Sur les conclusions aux fins d’annulation des décisions implicites de rejet :
Lorsqu’une décision explicite intervient postérieurement à une décision implicite, sur une même demande, la seconde se substitue nécessairement à la première. Il en résulte que les conclusions à fin d’annulation de cette première décision doivent être regardées comme dirigées contre la seconde qui s’est substituée à la première sur laquelle il n’y a donc plus lieu à statuer.
Sur les conclusions à fin d’annulation :
En premier lieu, les arrêtés litigieux comportent l’énoncé des considérations de droit et de fait qui en constituent le fondement. Il vise notamment les articles L.423-23 et L.435-1 du code de l’entrée et du séjour des étrangers et du droit d’asile, précise les éléments relatifs à la situation personnelle des requérants. Dans ces conditions le préfet, qui n’est pas tenu d’énoncer l’ensemble des éléments relatifs à la situation des étrangers dont il pourrait avoir connaissance, a suffisamment motivé l’arrêté attaqué et procédé à un examen sérieux de la situation. Par suite, le moyen tiré de l’insuffisance de motivation et d’un défaut d’examen sérieux de la situation doit être écarté.
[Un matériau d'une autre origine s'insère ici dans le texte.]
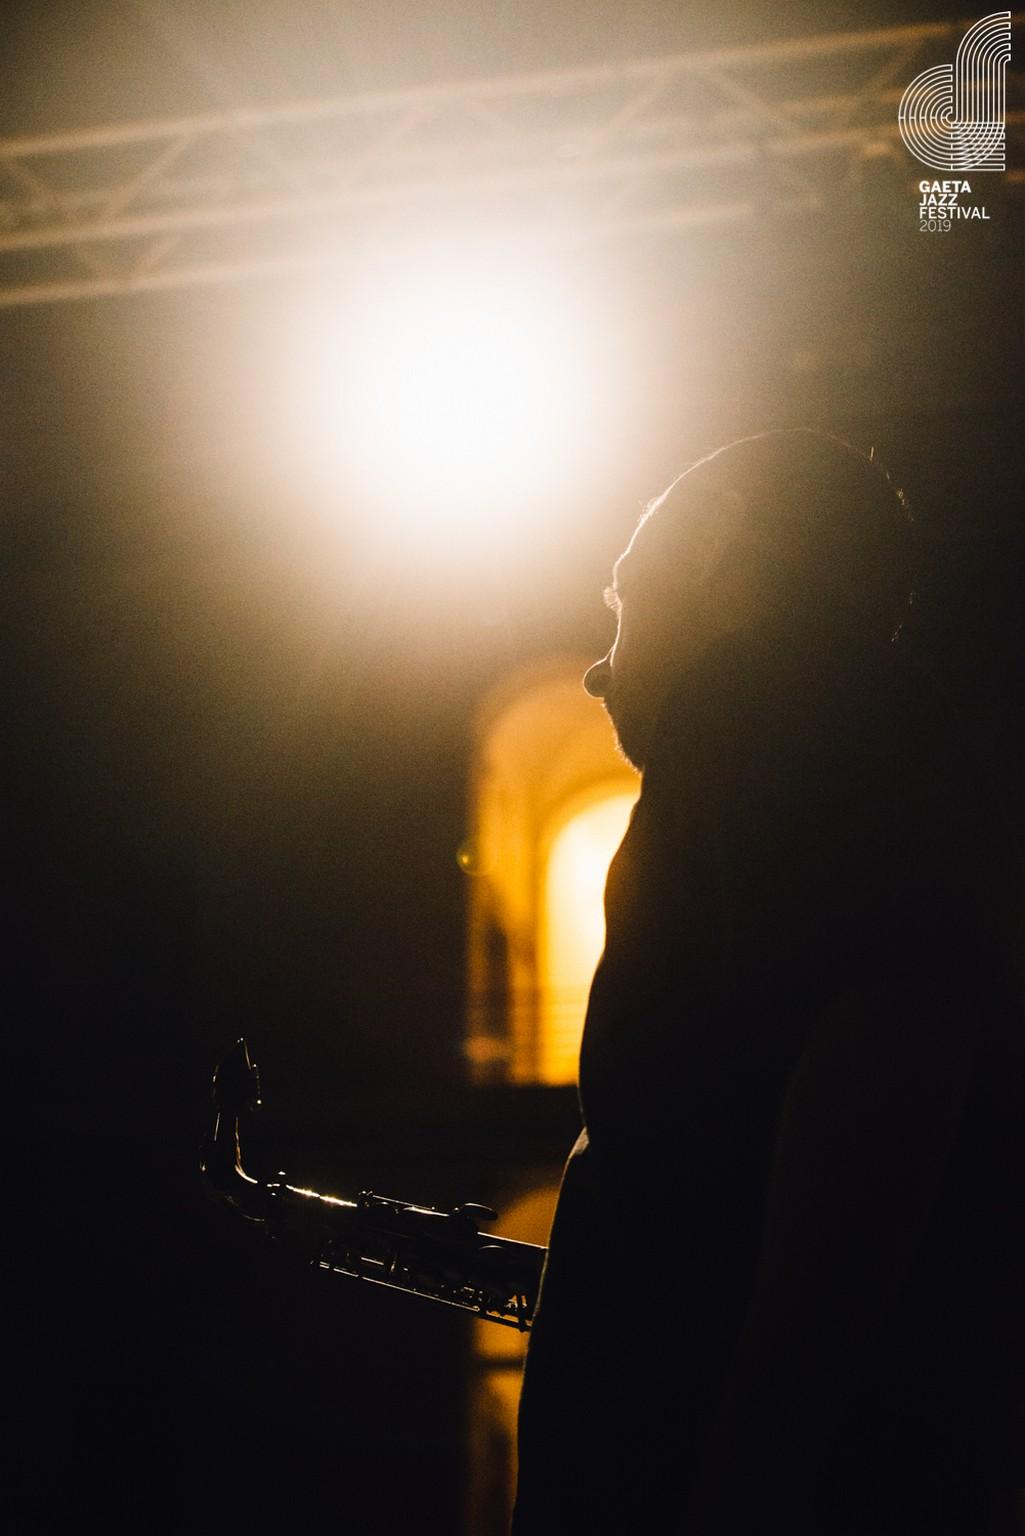 Flavia_Fiengo_Gaeta_Jazz_Festival_live_2019__00069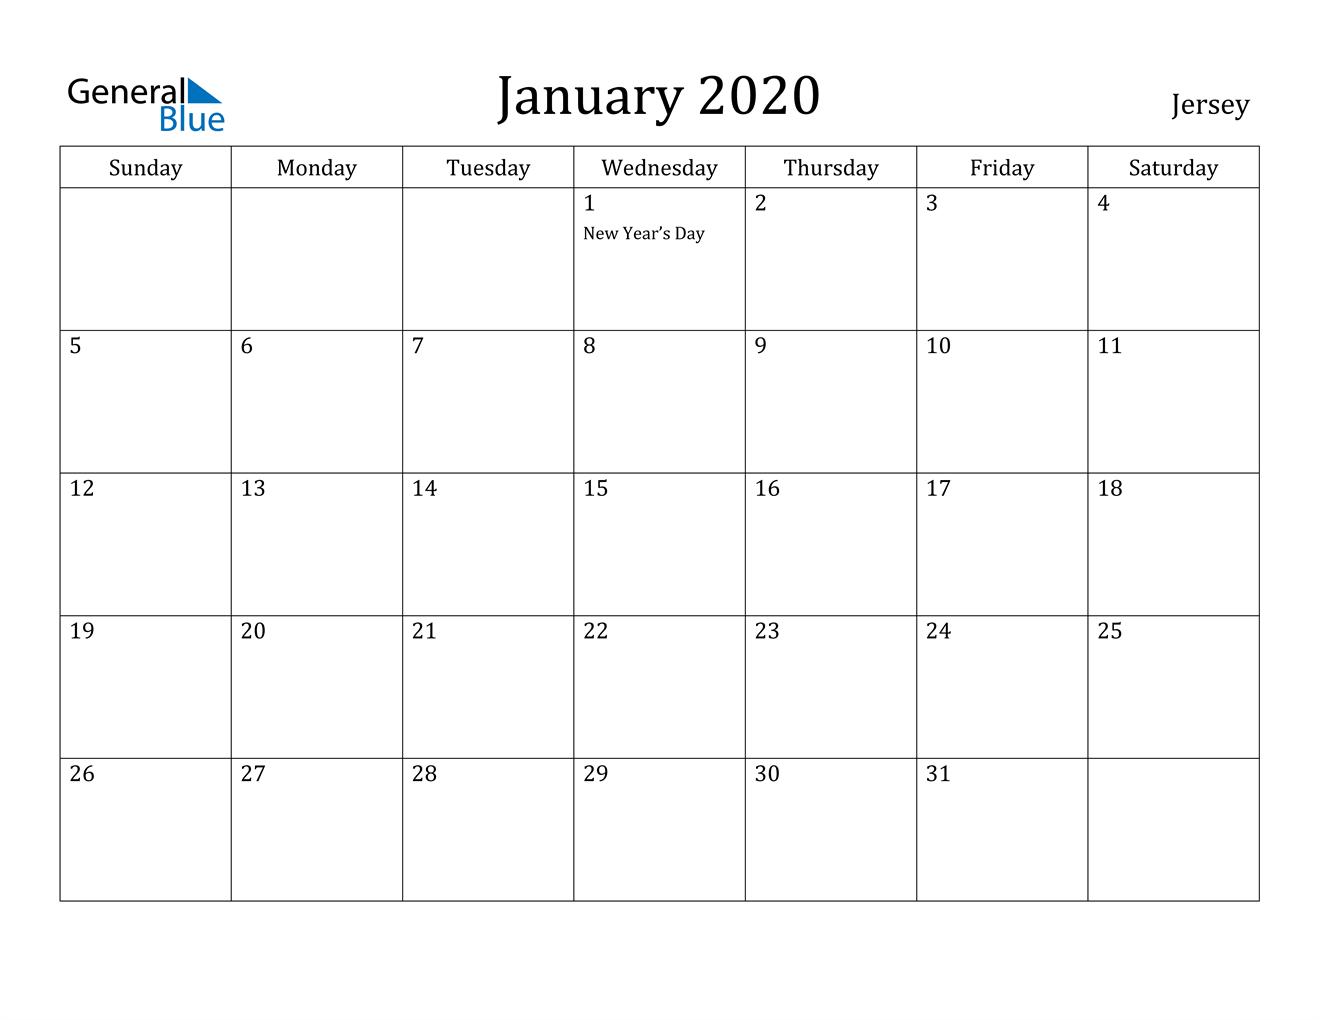 Image of January 2020 Jersey Calendar with Holidays Calendar

En deuxième lieu, les requérants soutiennent que l’arrêté litigieux est entaché d’une erreur de fait dès lors qu’ils ont quatre enfants et non trois. Toutefois, il n’est pas établi que cette erreur de fait aurait eu une portée significative sur le sens de l’acte en litige. Par suite le moyen tiré de l’erreur de fait doit être écartée.
En troisième lieu, aux termes de l’article L. 432-13 du code de l’entrée et du séjour des étrangers et du droit d’asile : « Dans chaque département est instituée une commission du titre de séjour qui est saisie pour avis par l’autorité administrative : 1° Lorsqu’elle envisage de refuser de délivrer ou de renouveler la carte de séjour temporaire prévue aux articles L. 423-1 (…), L.423-23 à un étranger qui en remplit effectivement les conditions de délivrance ; (…) » et aux termes de l’article L. 435-1 du code de l’entrée et du séjour des étrangers et du droit d’asile : « Lorsqu’elle envisage de refuser la demande d’admission exceptionnelle au séjour formée par un étranger qui justifie par tout moyen résider habituellement en France depuis plus de dix ans, l’autorité administrative est tenue de soumettre cette demande pour avis à la commission du titre de séjour prévue à l’article L. 432-14. (…) ».
Il résulte de ces dispositions que le préfet n’est tenu de saisir la commission du titre de séjour avant de refuser la délivrance d’un titre présenté sur ce fondement que si l’étranger justifie par tout moyen résider en France depuis plus de dix ans. En l’espèce, les requérants font valoir qu’ils résident en France depuis 2014, soit dix ans à la date de l’arrêté attaquée, de sorte que le préfet des Alpes-Maritimes ne pouvait leur opposer une décision de refus sans avoir préalablement saisir, pour avis, la commission du titre de séjour. Toutefois, ils n’établissent pas au regard de la nature peu diversifiée et peu probante des pièces, le caractère habituel de leur présence en France notamment pour les années 2016 et 2017. En outre, il ressort des pièces du dossier que la requérante a fait l’objet d’une précédente mesure d’éloignement en 2022. Dès lors, le moyen soulevé doit être écarté.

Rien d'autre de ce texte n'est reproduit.